** Available data **
__________________________________________________

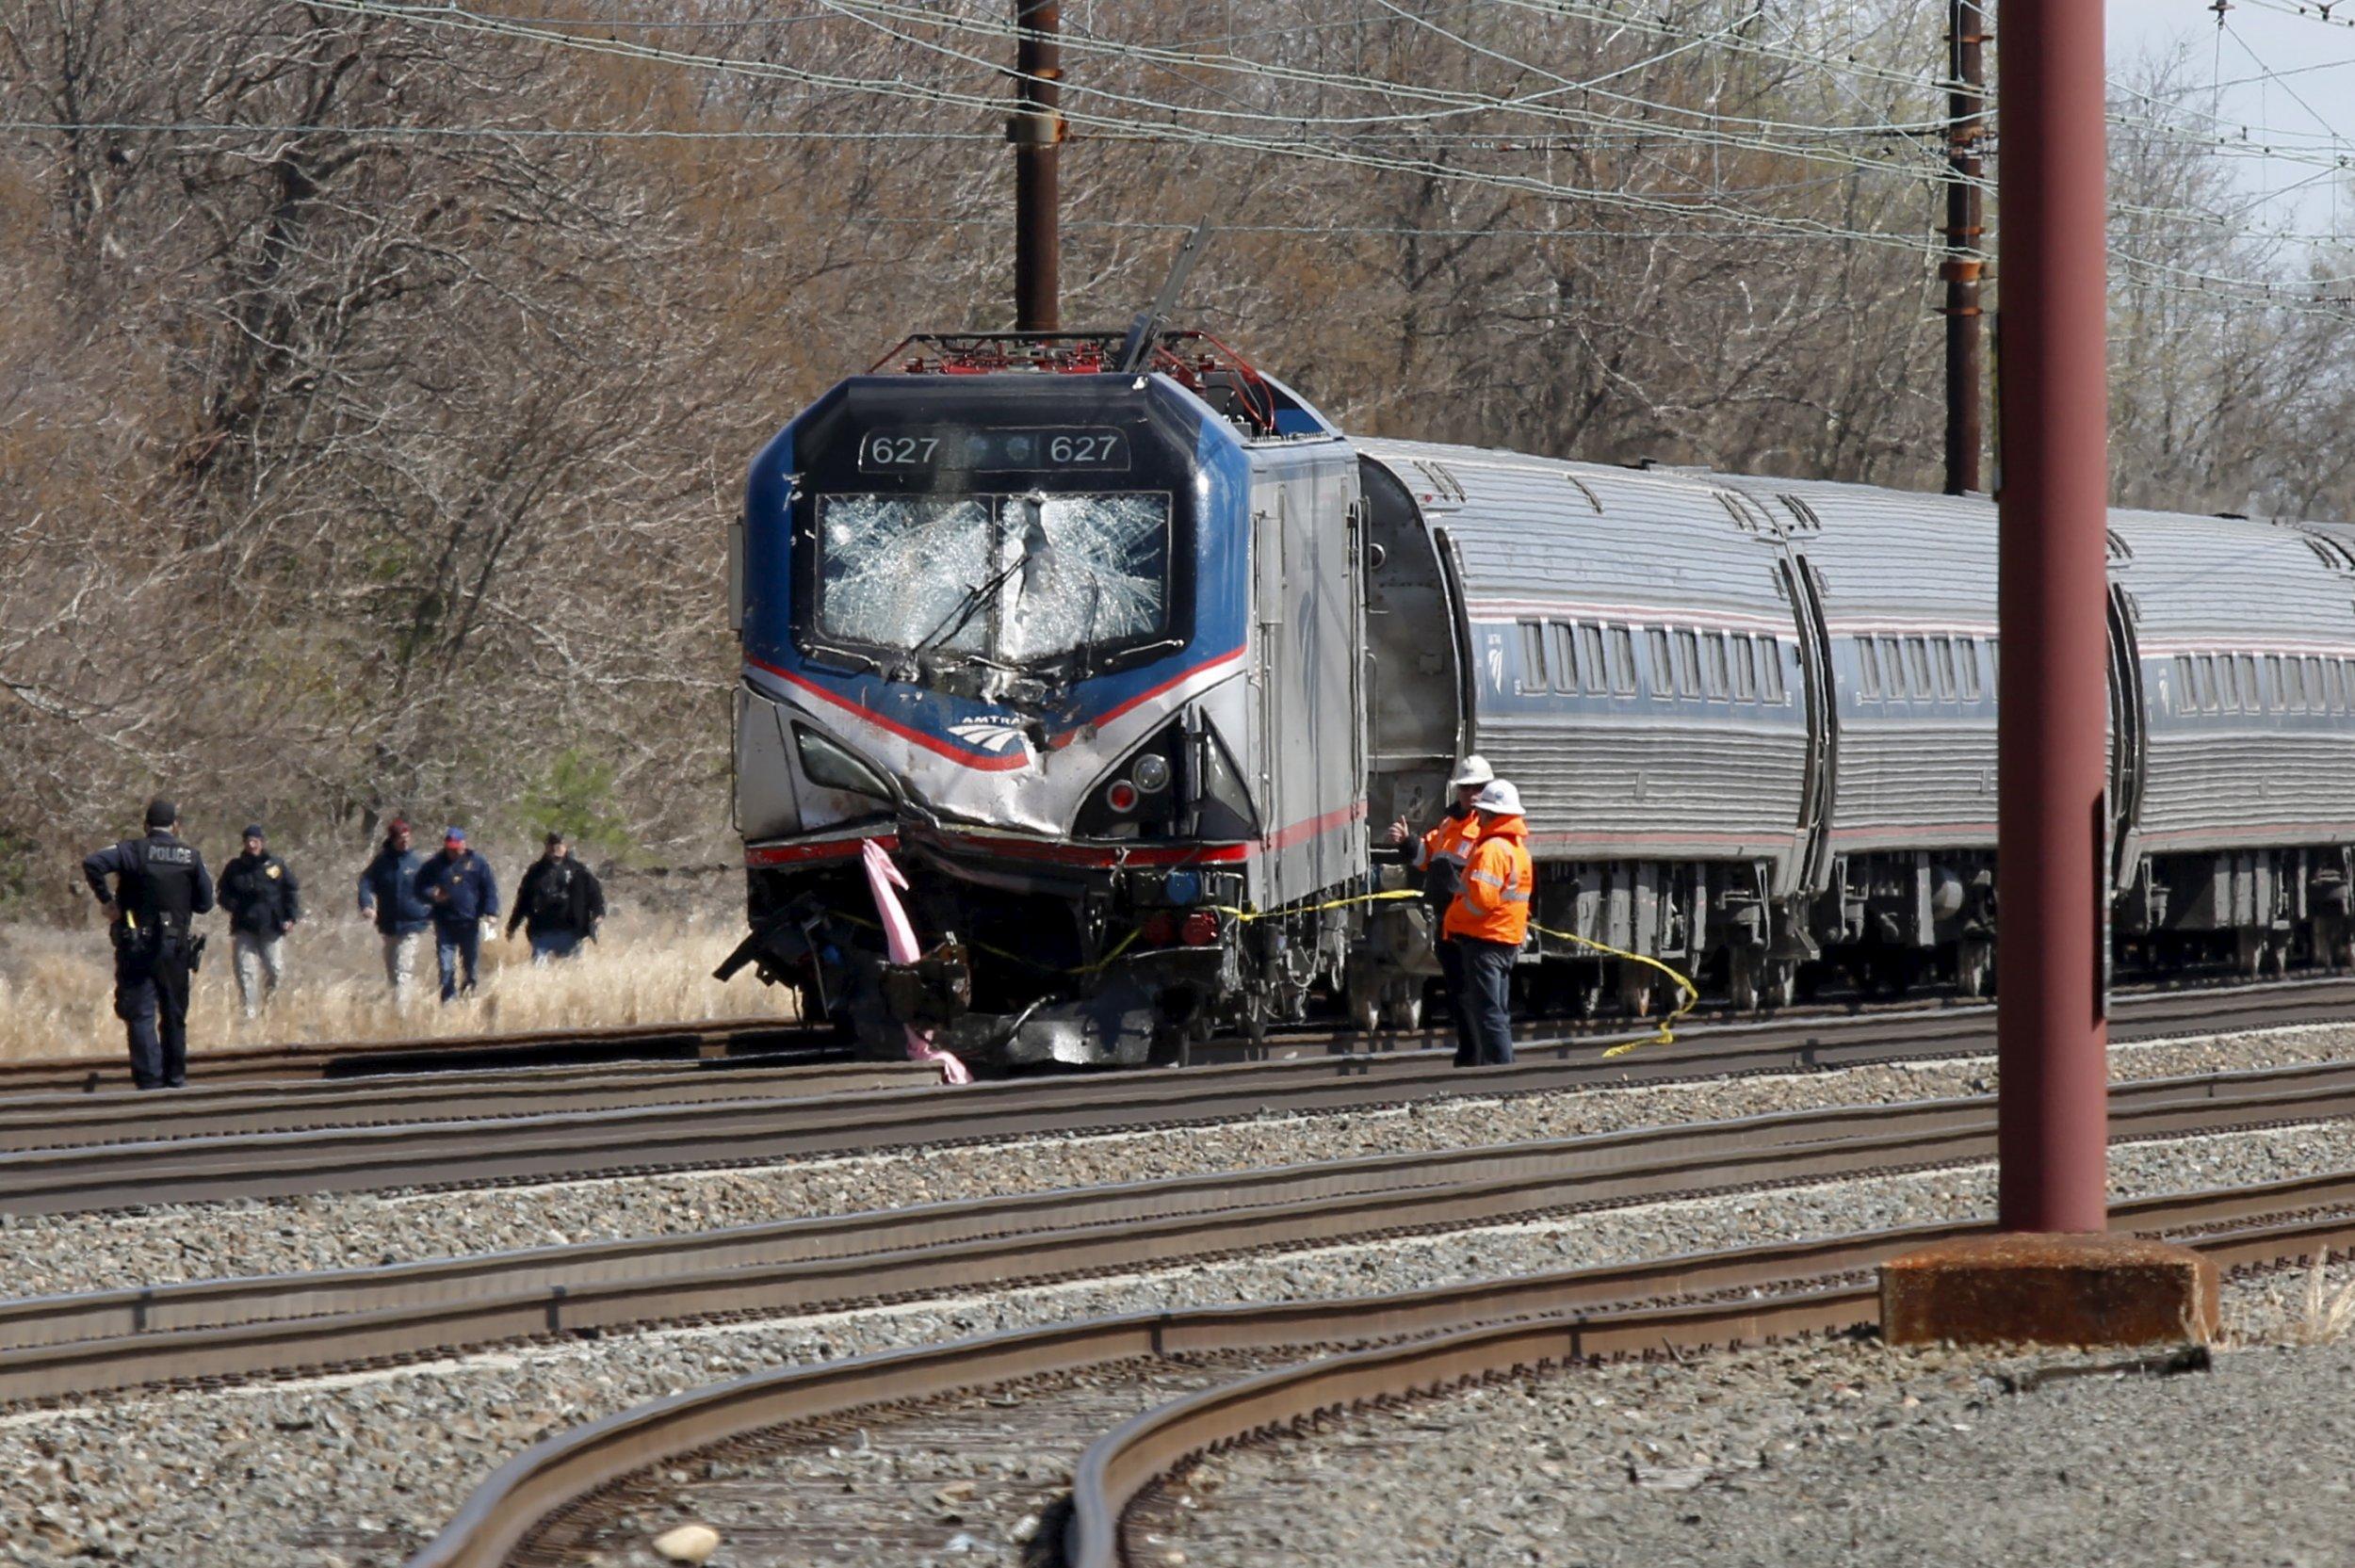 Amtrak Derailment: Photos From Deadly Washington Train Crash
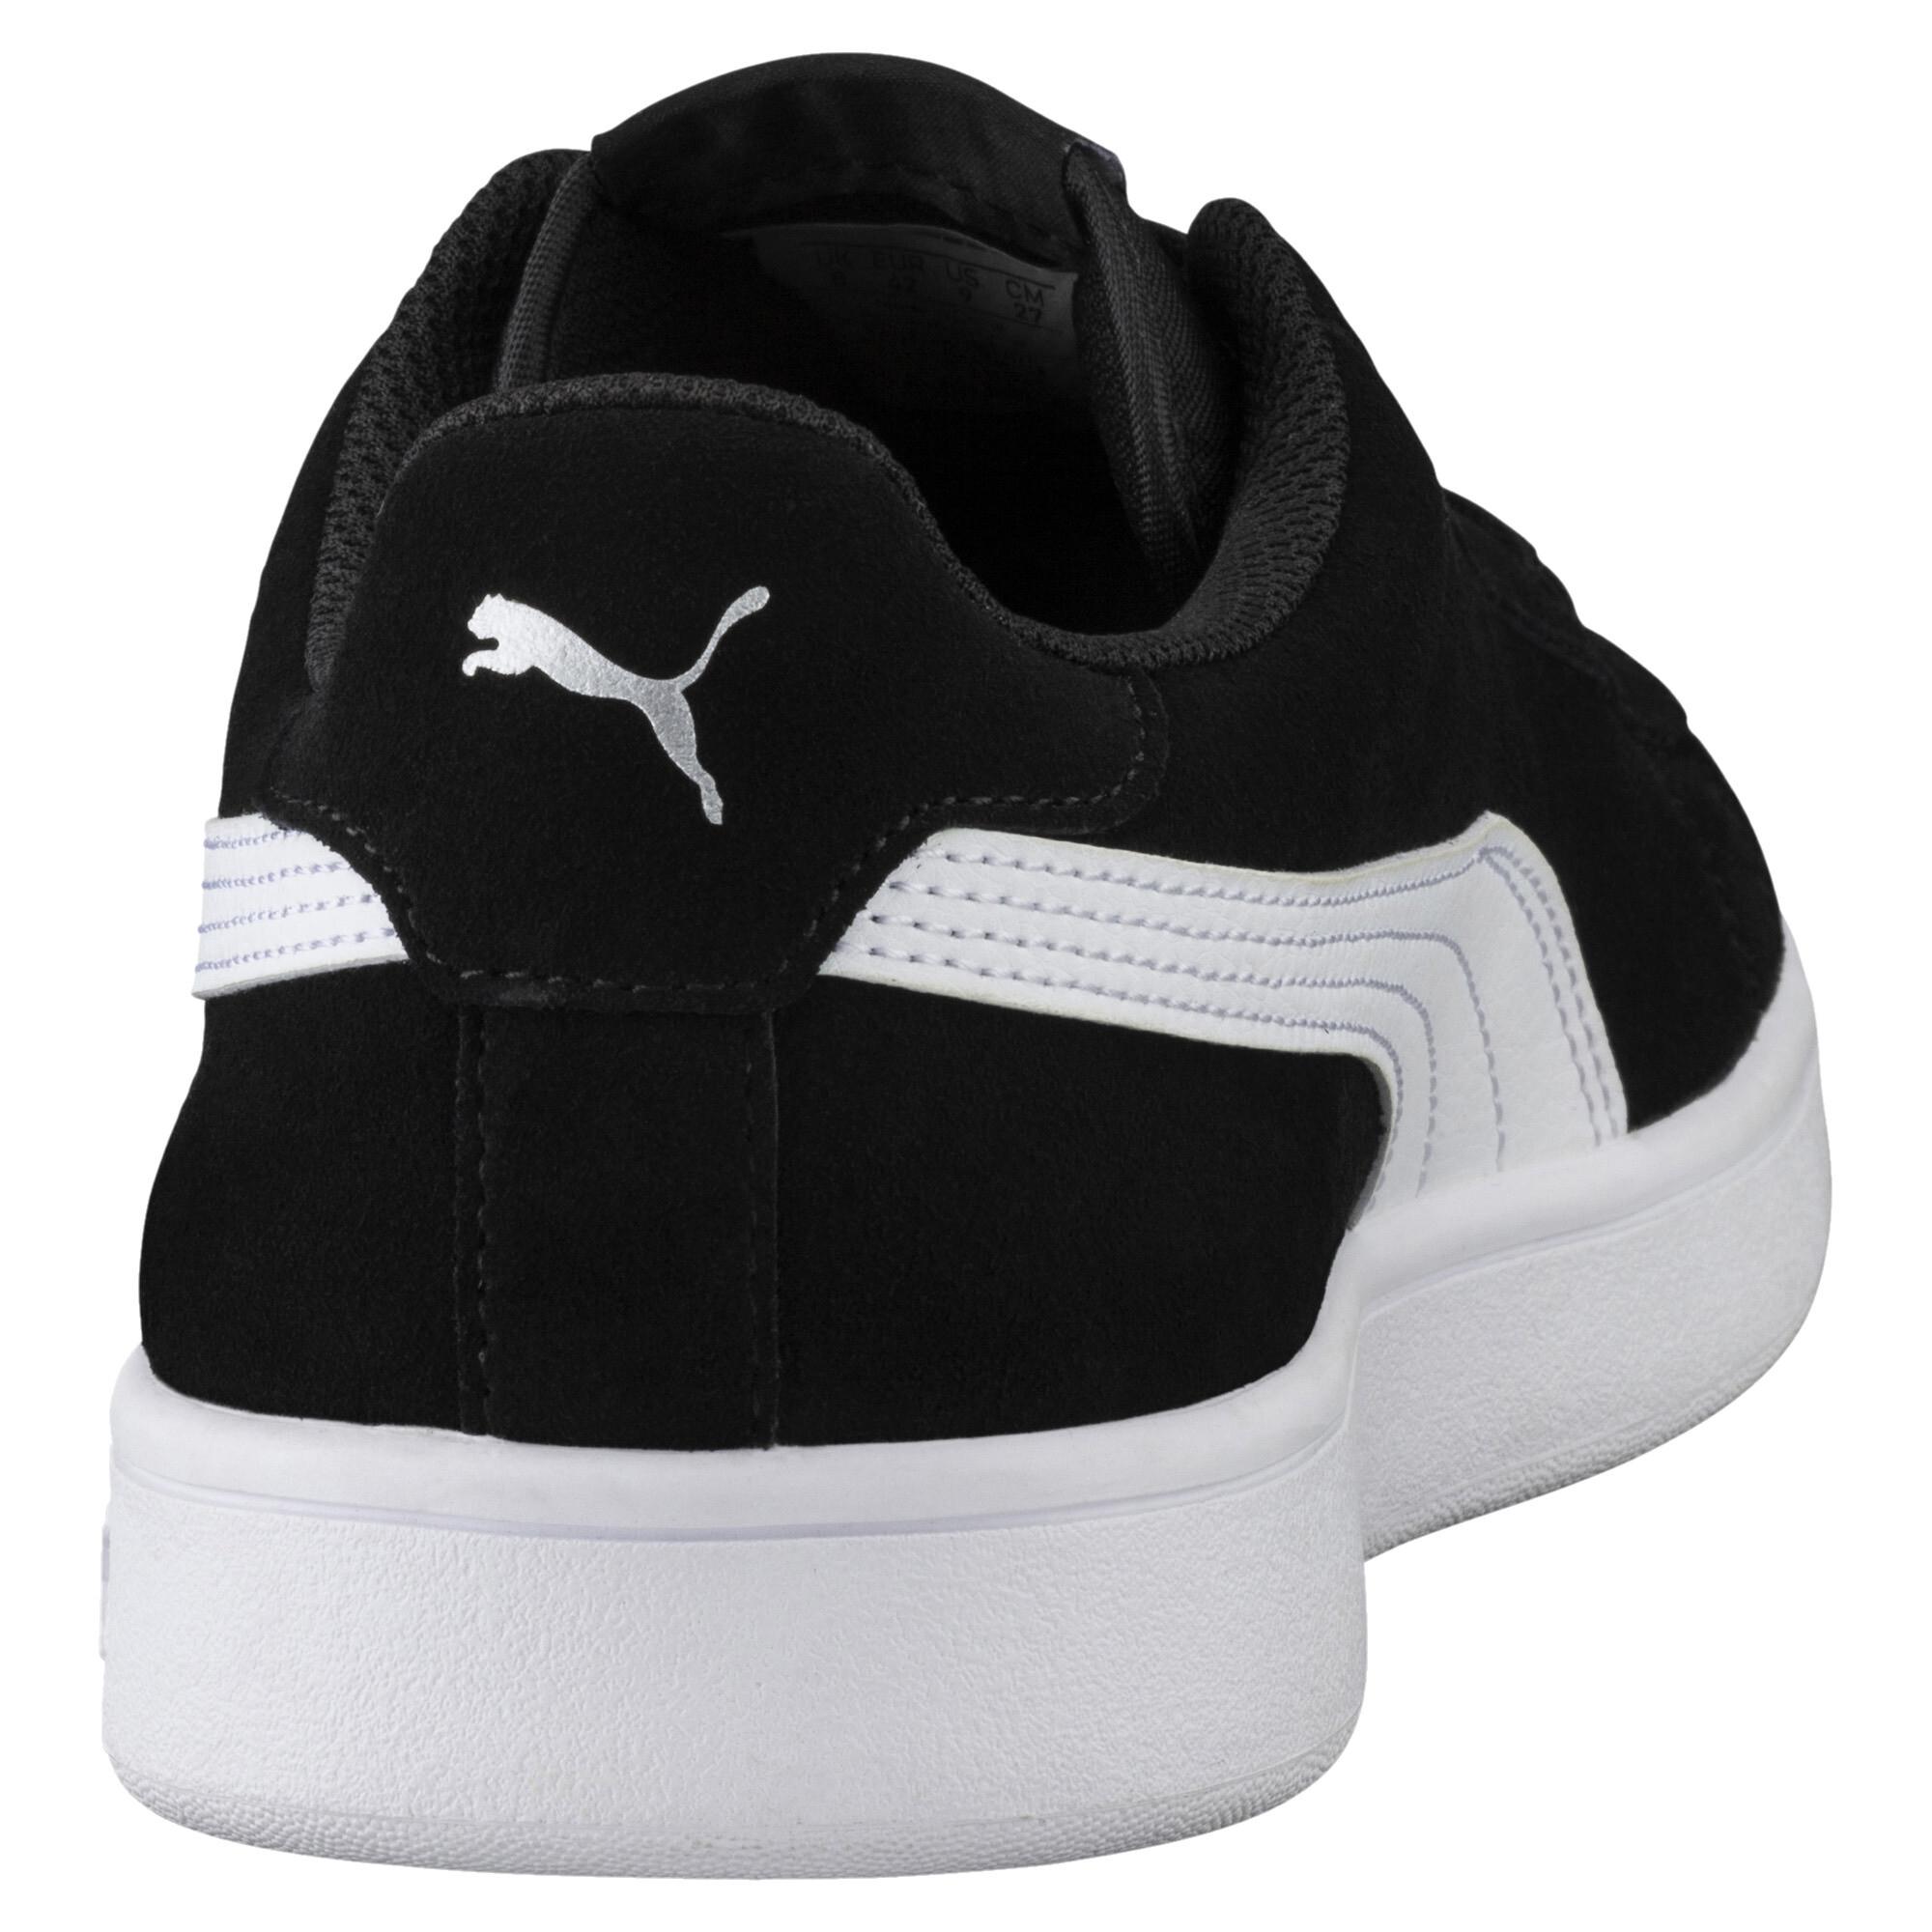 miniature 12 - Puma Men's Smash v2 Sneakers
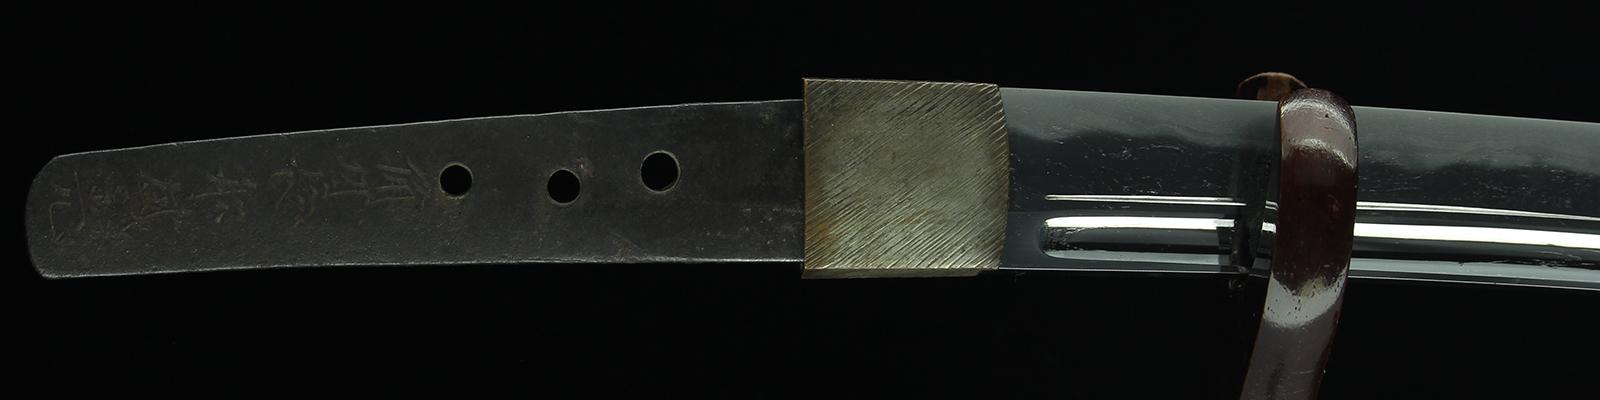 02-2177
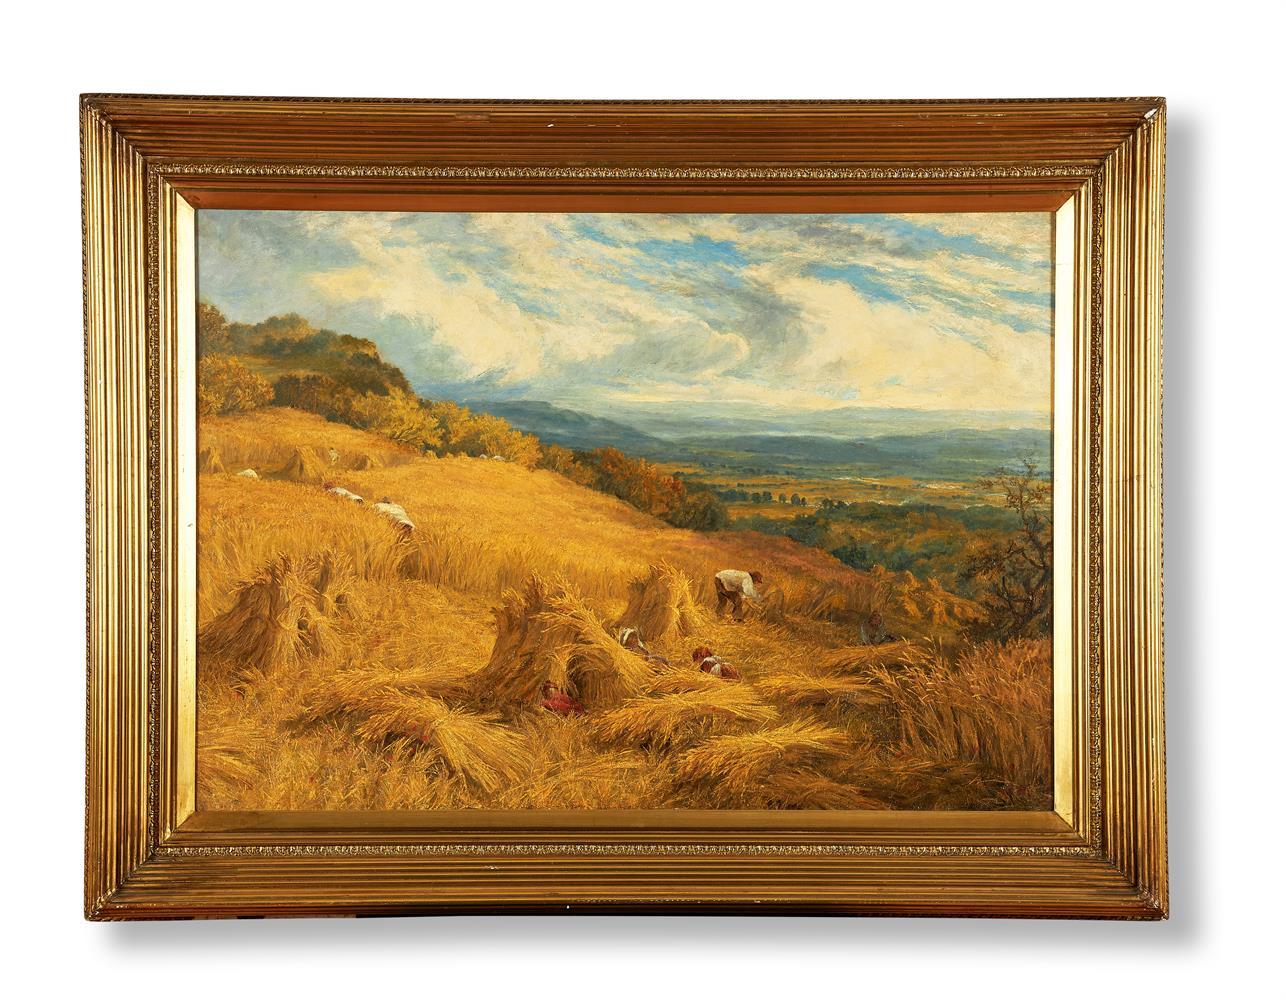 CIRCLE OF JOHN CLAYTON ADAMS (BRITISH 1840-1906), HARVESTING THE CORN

__________________________________________________

** Task instructions **
Every line above is to be returned exactly, with its pictures removed.

** Output below **
 Amtrak Derailment: Photos From Deadly Washington Train Crash
 miniature 12 - Puma Men's Smash v2 Sneakers
 02-2177
 CIRCLE OF JOHN CLAYTON ADAMS (BRITISH 1840-1906), HARVESTING THE CORN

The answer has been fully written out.